Was bietet ein Cloud-Backup?

Entscheidet man sich für die Datensicherung in der Cloud, so bietet dies den Vorteil, dass viele Cloud-Dienstleister eine Verfügbarkeit von über 99,9 % anbieten. Aber auch hier ist Vorsicht geboten – ein bekannter Dienstleister konnte bei einem Festplattenausfall den Verlust von über 1500 Snapshots verzeichnen. Diesbezüglich kann man erkennen, dass eine Cloud-Datensicherung nicht in allen Fällen für unbeschränkte Sicherheit steht. Ist die Sicherung in der Cloud geplant, so sollte man grundsätzlich einen Dienstleister wählen, dem man das vollste Vertrauen schenkt. Wichtig ist, dass eine Cloud-Lösung nicht in jedem Fall möglich ist, da gesetzliche Regelungen diese Speicherung ausschließen. Betrachtet man die Backup- und Recovery-Geschwindigkeit, so schneiden die Cloud-Dienstleister in der Regel schlechter ab, da sie langsamer als eine lokale Lösung agieren.

Das lokale Backup

Bei einem lokalen Backup gelten grundsätzlich nicht die Einschränkungen für die lokalen Speicher. Ein großer Vorteil ist, dass an dem Backup-Prozess keine weitere Partei beteiligt ist und man somit die Datensicherheit in der eigenen Hand behält. Bezüglich der gesetzlichen Regelungen muss man sich bei einem lokalen Backup auf den Systemadministrator verlassen. Die Einhaltung lässt sich aber somit besser kontrollieren und umsetzen, da Dienstleister aus diesem Prozess ausgeschlossen werden.
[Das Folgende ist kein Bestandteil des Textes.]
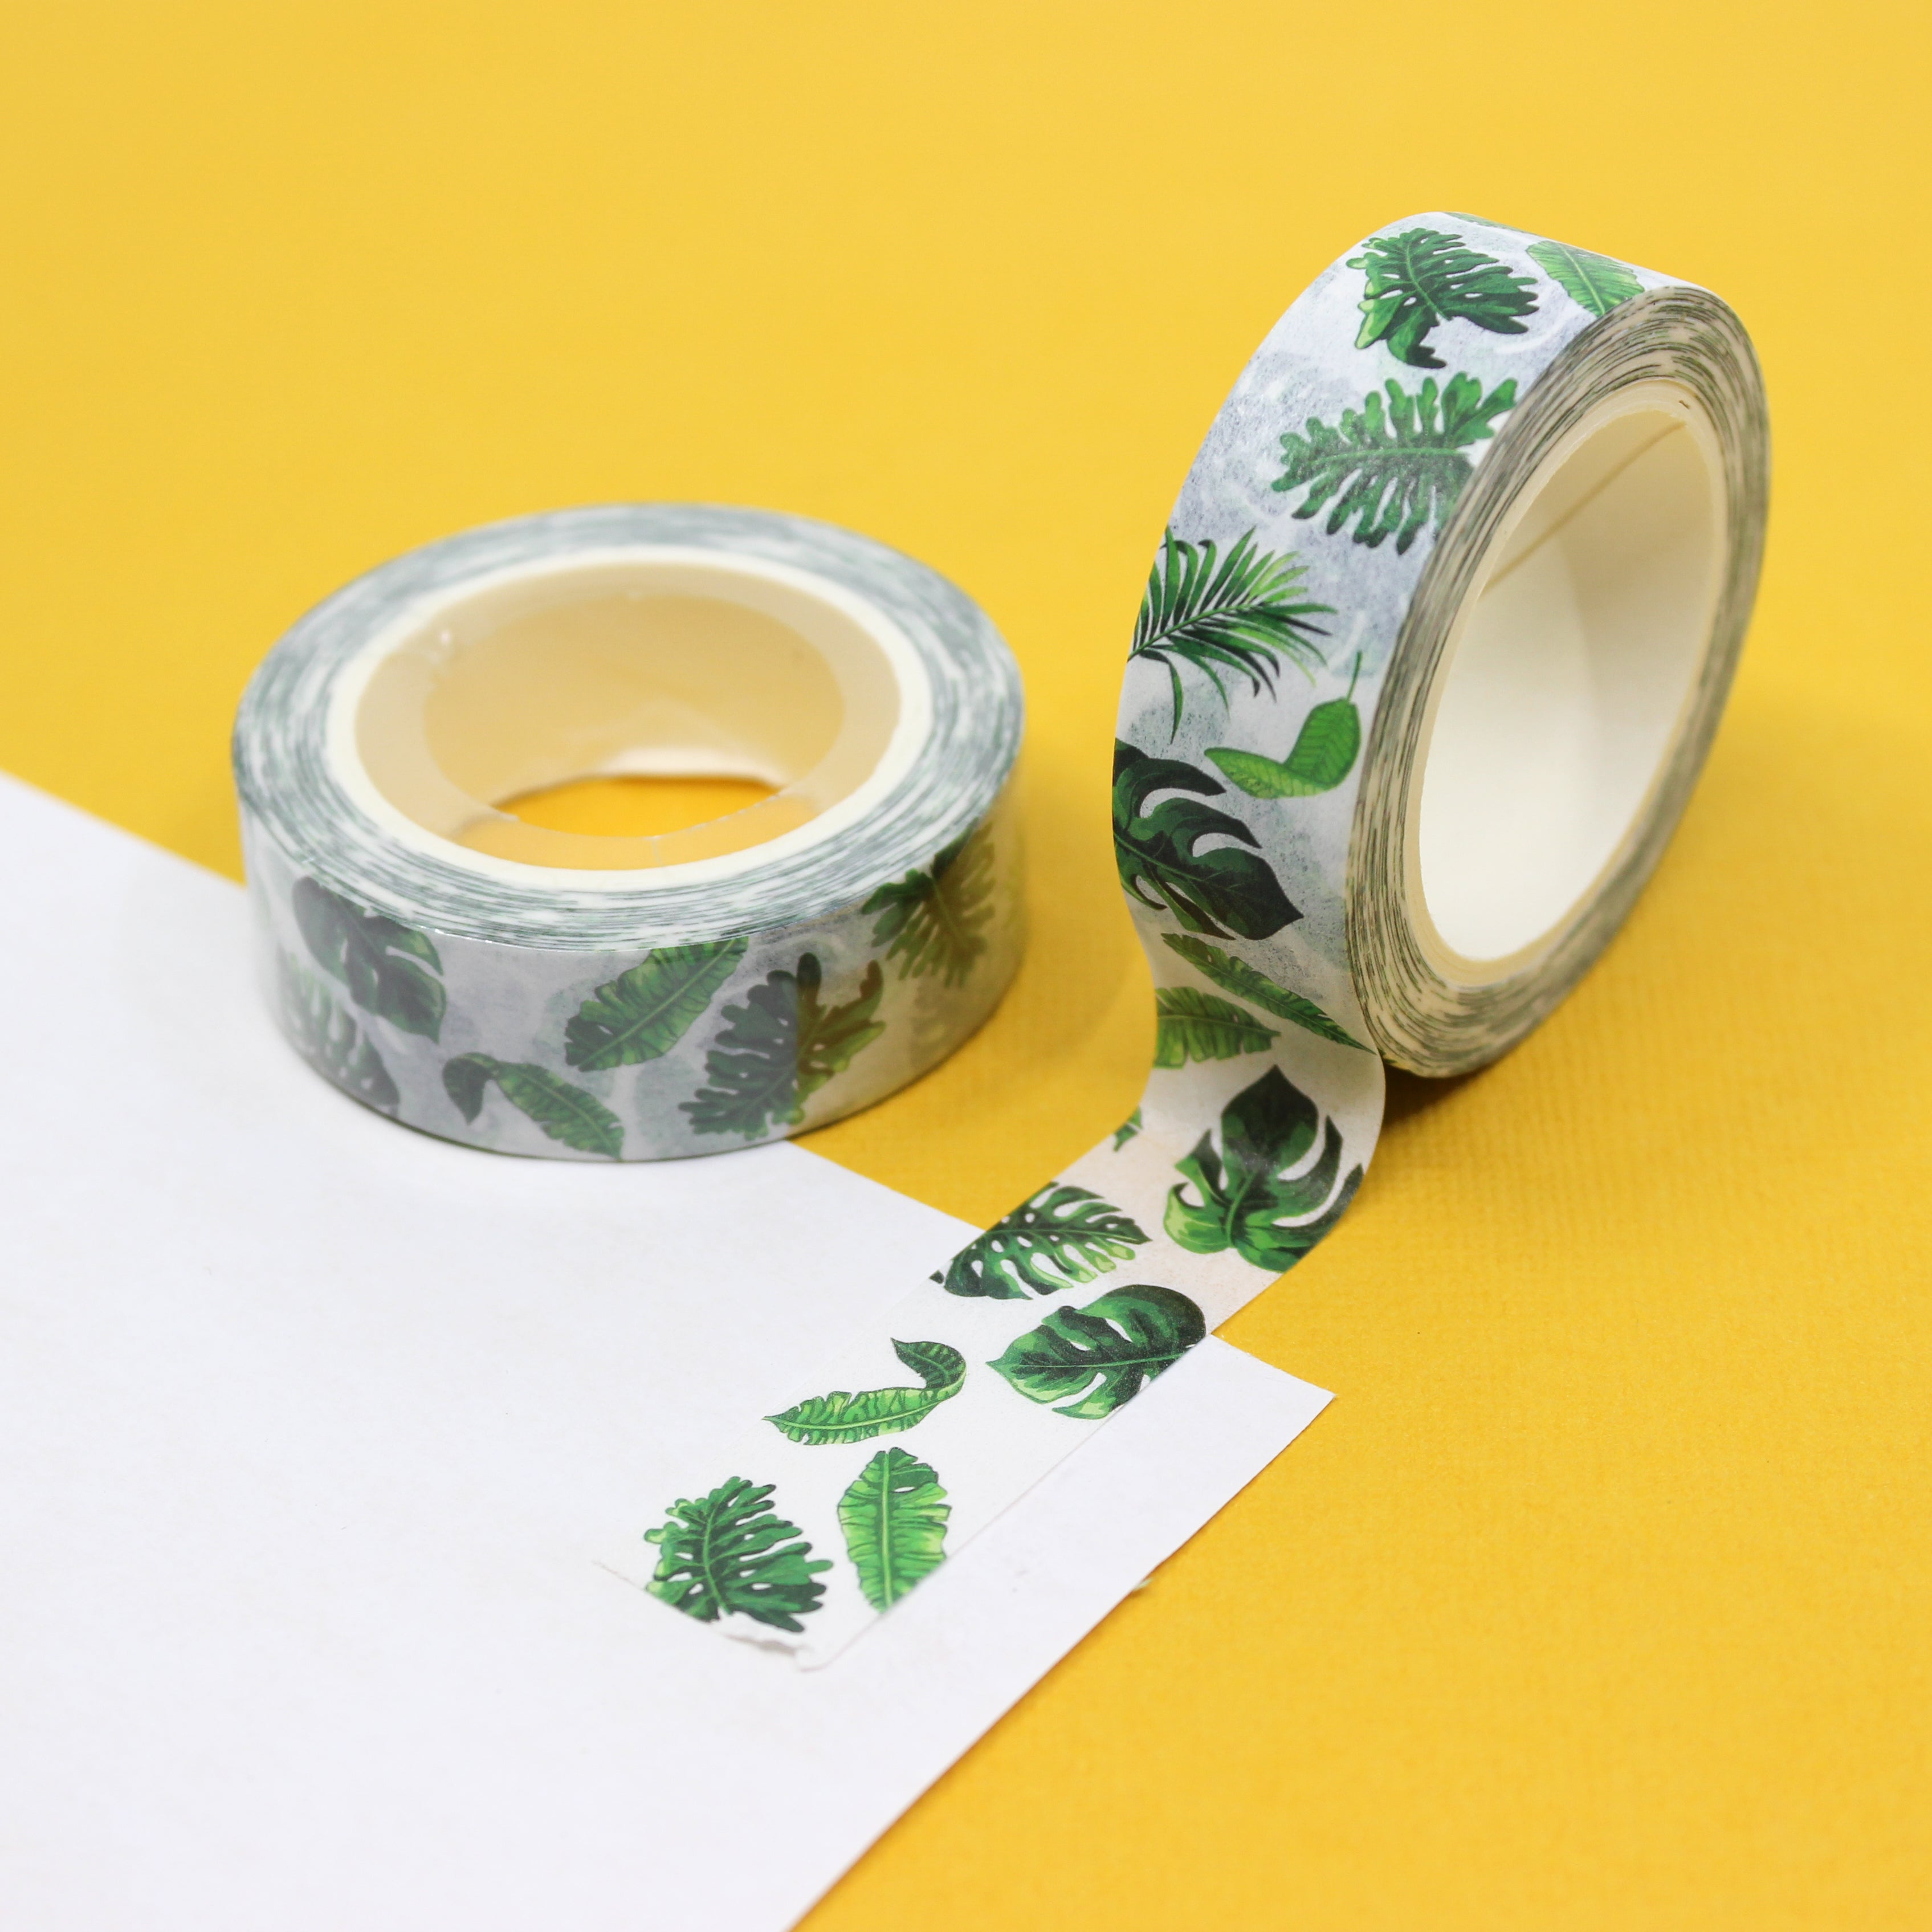 This is a green monstera palm leaf view themed washi tape from BBB Supplies Craft Shop

Im Vergleich zu einer Cloud-Lösung, bei der meistens eine Abonnementgebühr und Kosten für technische Dienstleistungen entstehen, fallen bei einer lokalen Lösung Hardwarekosten und eine Lizenz für die Backup-Software an. Besonders weitere Datenspeicher, die Wartung und eine Speicheraufrüstung können hierbei die Finanzen stark belasten. Betrachtet man den Bereich der Backup- und Recovery-Geschwindigkeit, so schneidet eine lokale Lösung in den meisten Fällen besser ab, als eine Cloud-basierte-Lösung. Die Geschwindigkeit ist hierbei natürlich auch abhängig von der jeweiligen LAN-Verbindung des Unternehmens.